== Segment start ==

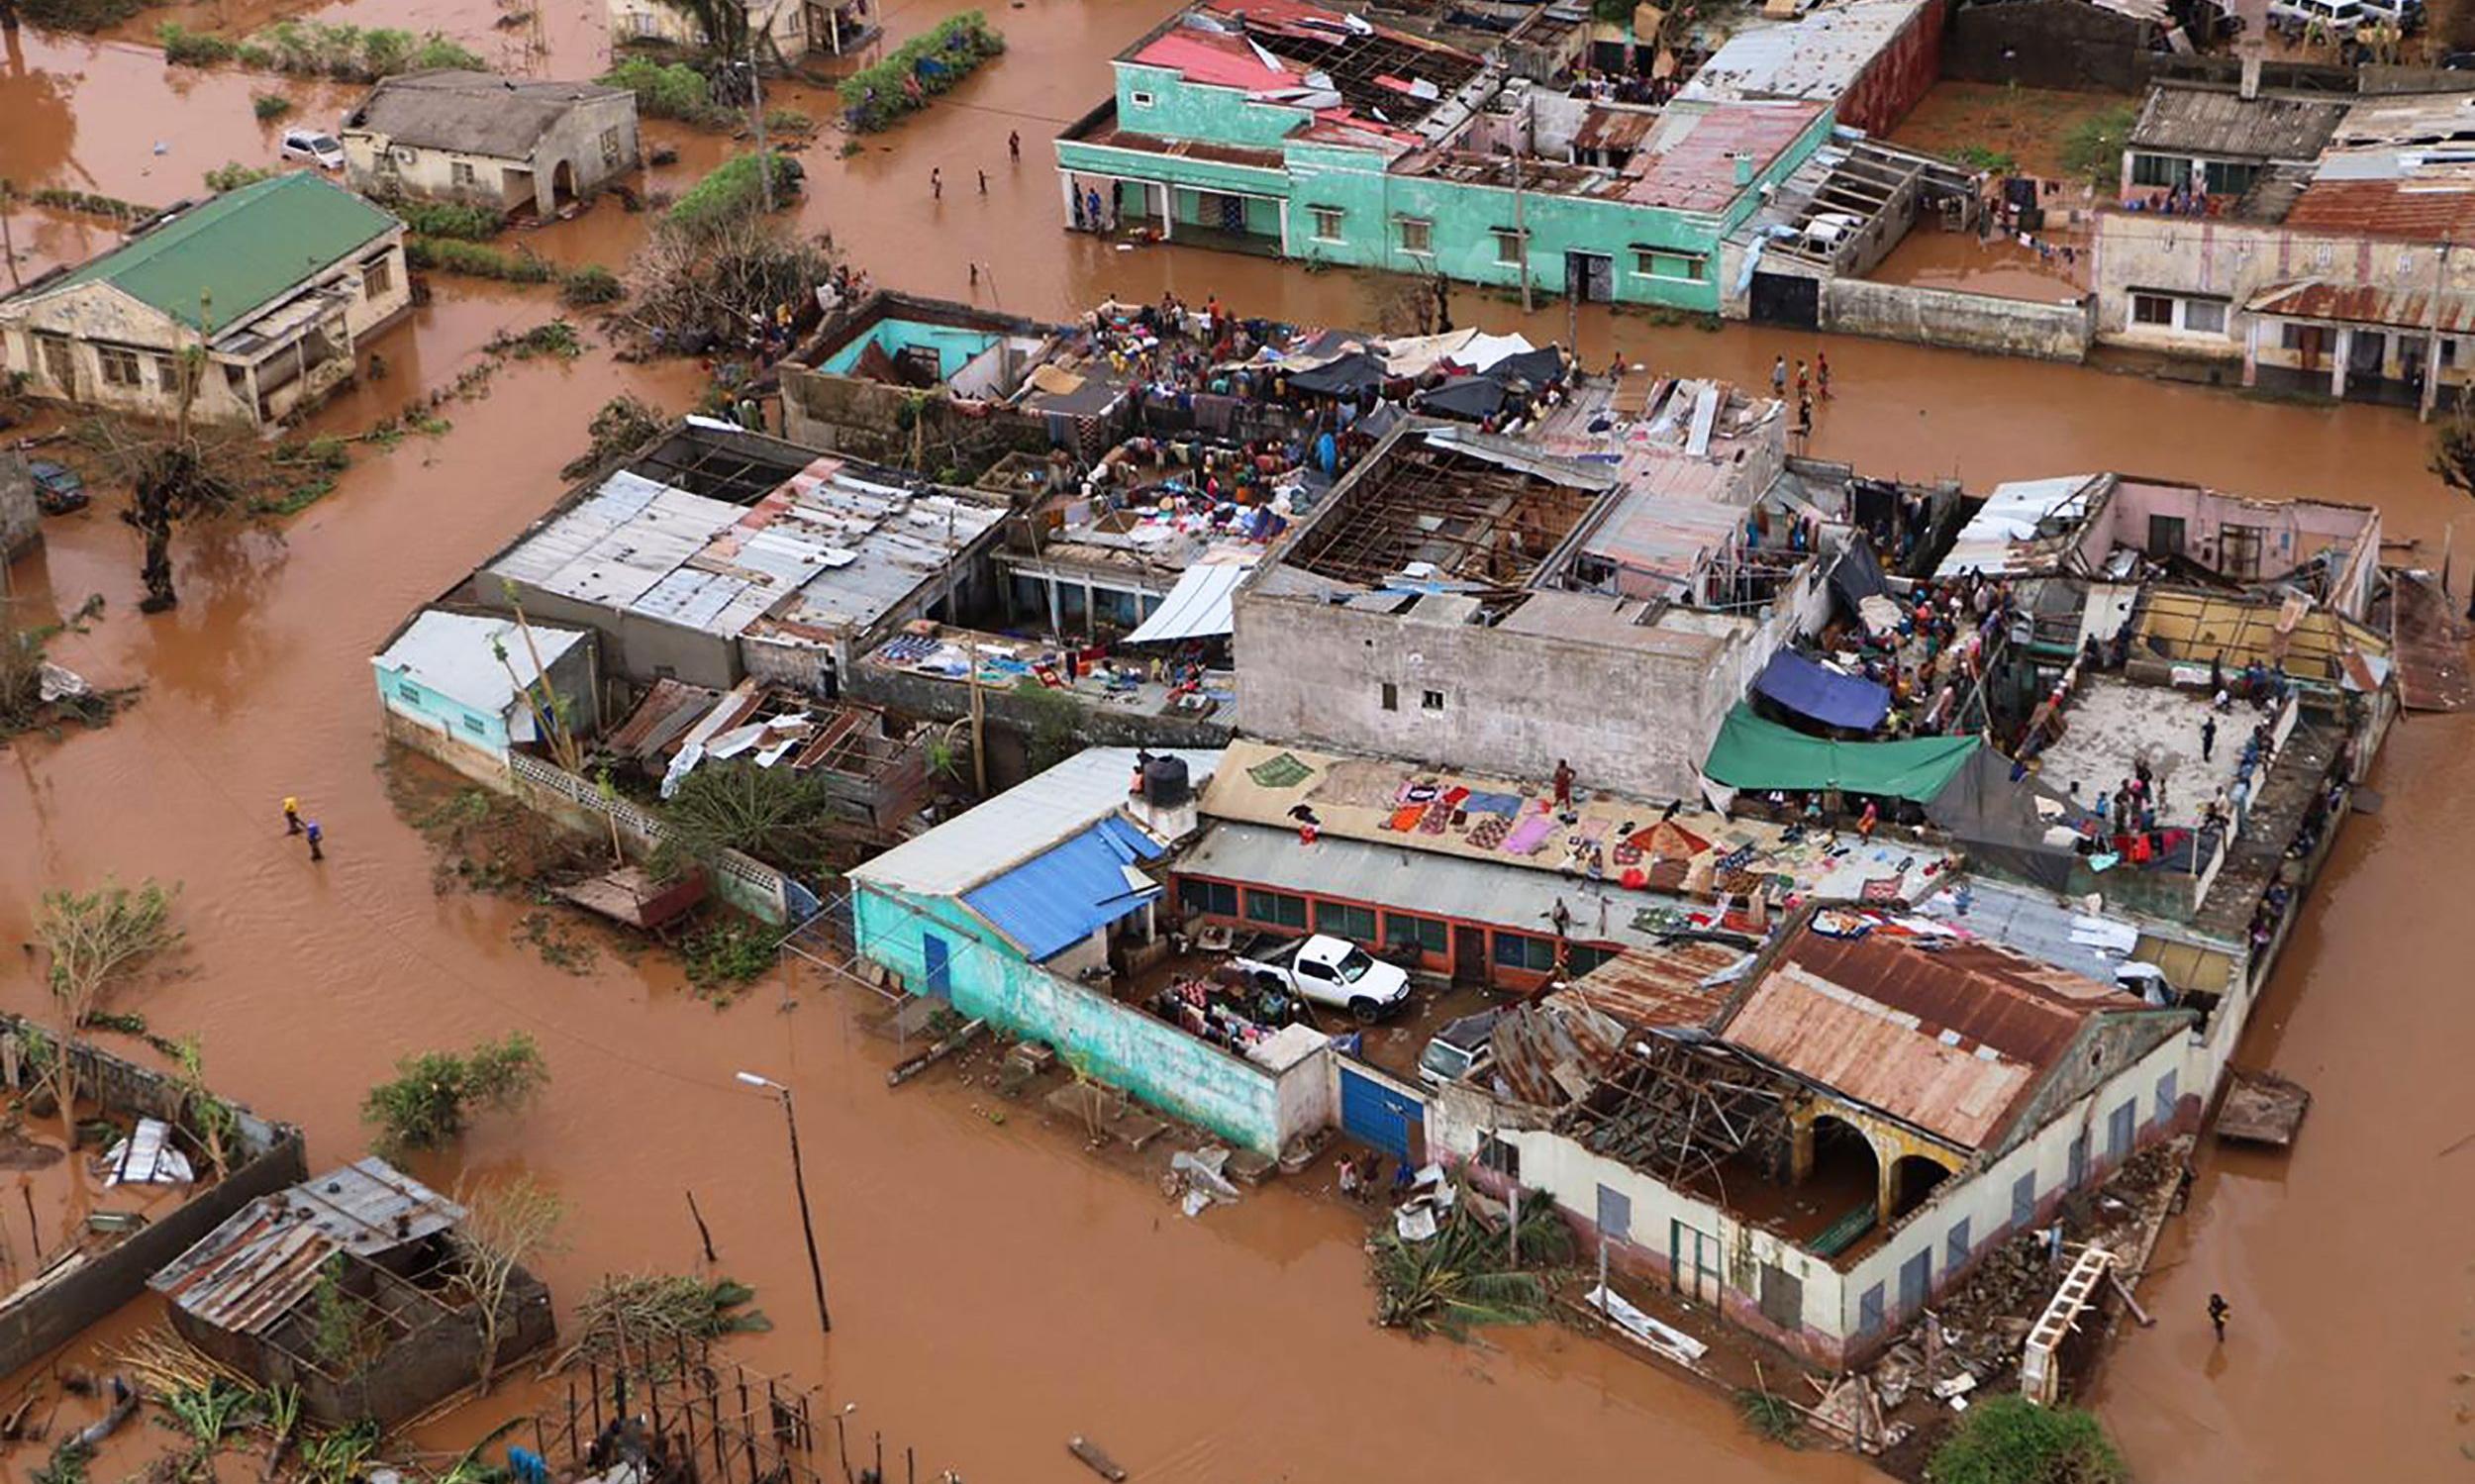 Mozambique rescue teams struggle to save thousands
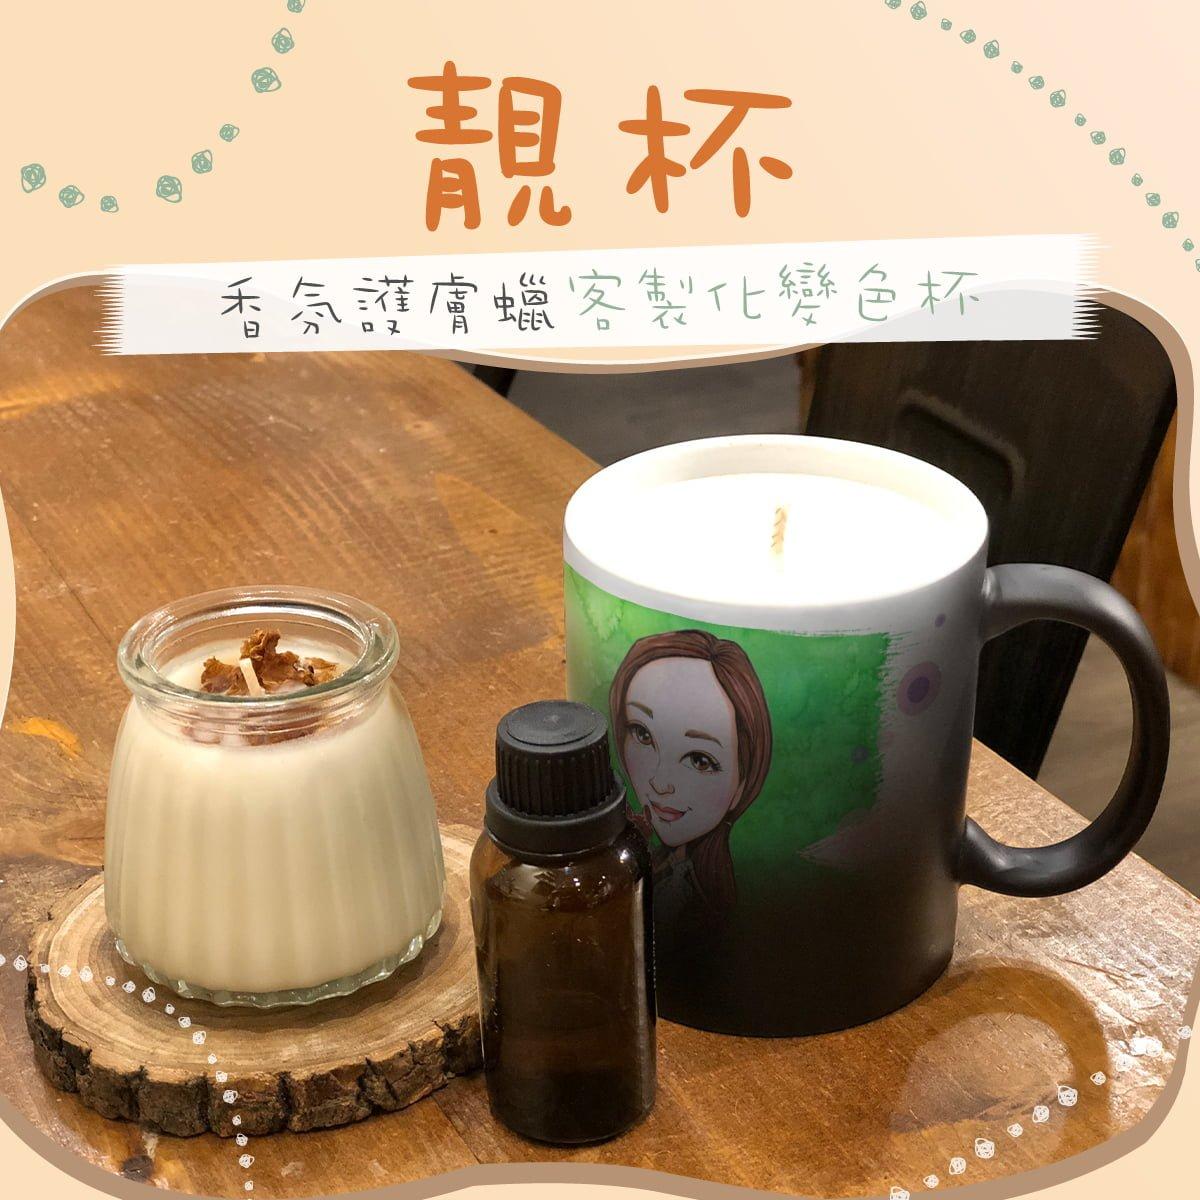 1100107B 靚杯 – 香氛護膚蠟客製化變色杯
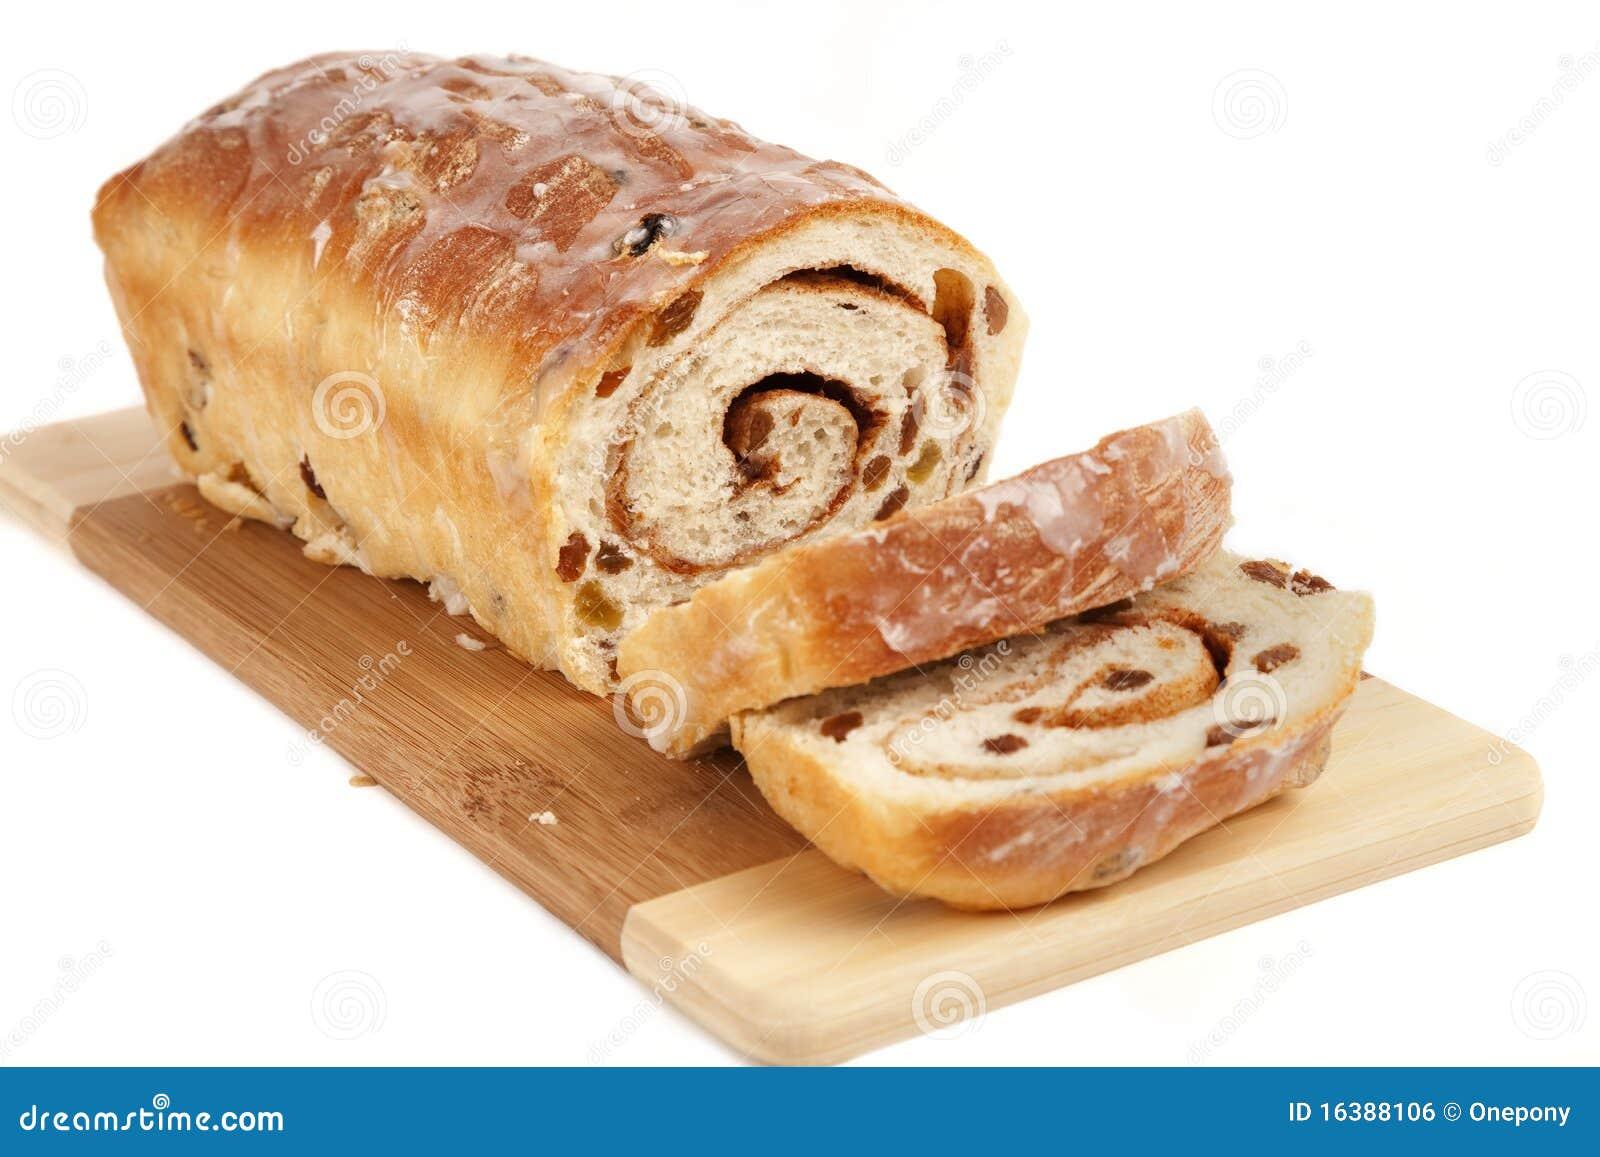 Homemade Cinnamon Raisin Bread Royalty Free Stock Image - Image ...
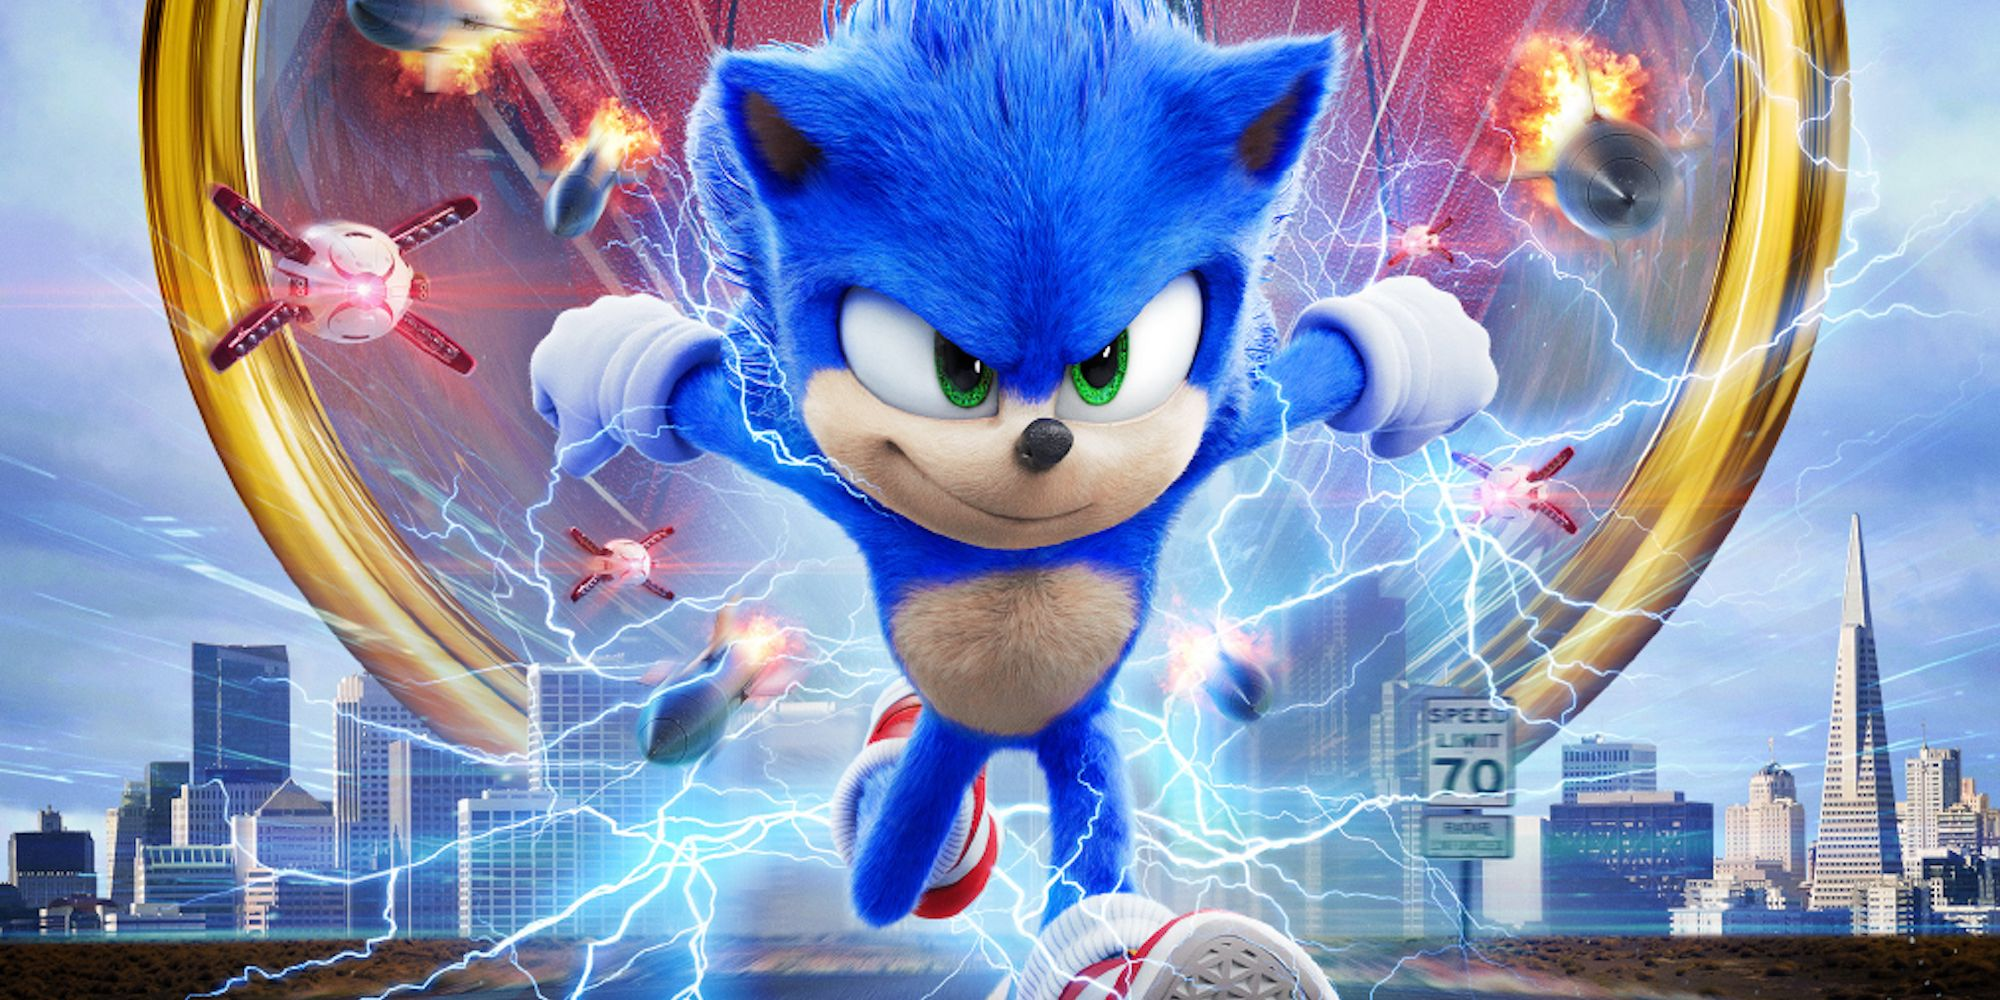 China Delays Sonic the Hedgehog Movie Release Due To Coronavirus
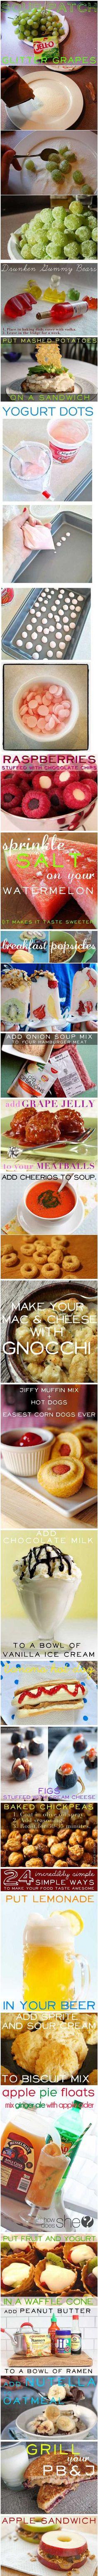 Simple Ways To Make Food Taste Awesome

== Segment end ==

• TASK DETAILS: Output everything in the records exactly, leaving pictures out.

• REPLY:
 Mozambique rescue teams struggle to save thousands
 1100107B 靚杯 – 香氛護膚蠟客製化變色杯
 Homemade Cinnamon Raisin Bread Royalty Free Stock Image - Image ...
 China Delays Sonic the Hedgehog Movie Release Due To Coronavirus
 Simple Ways To Make Food Taste Awesome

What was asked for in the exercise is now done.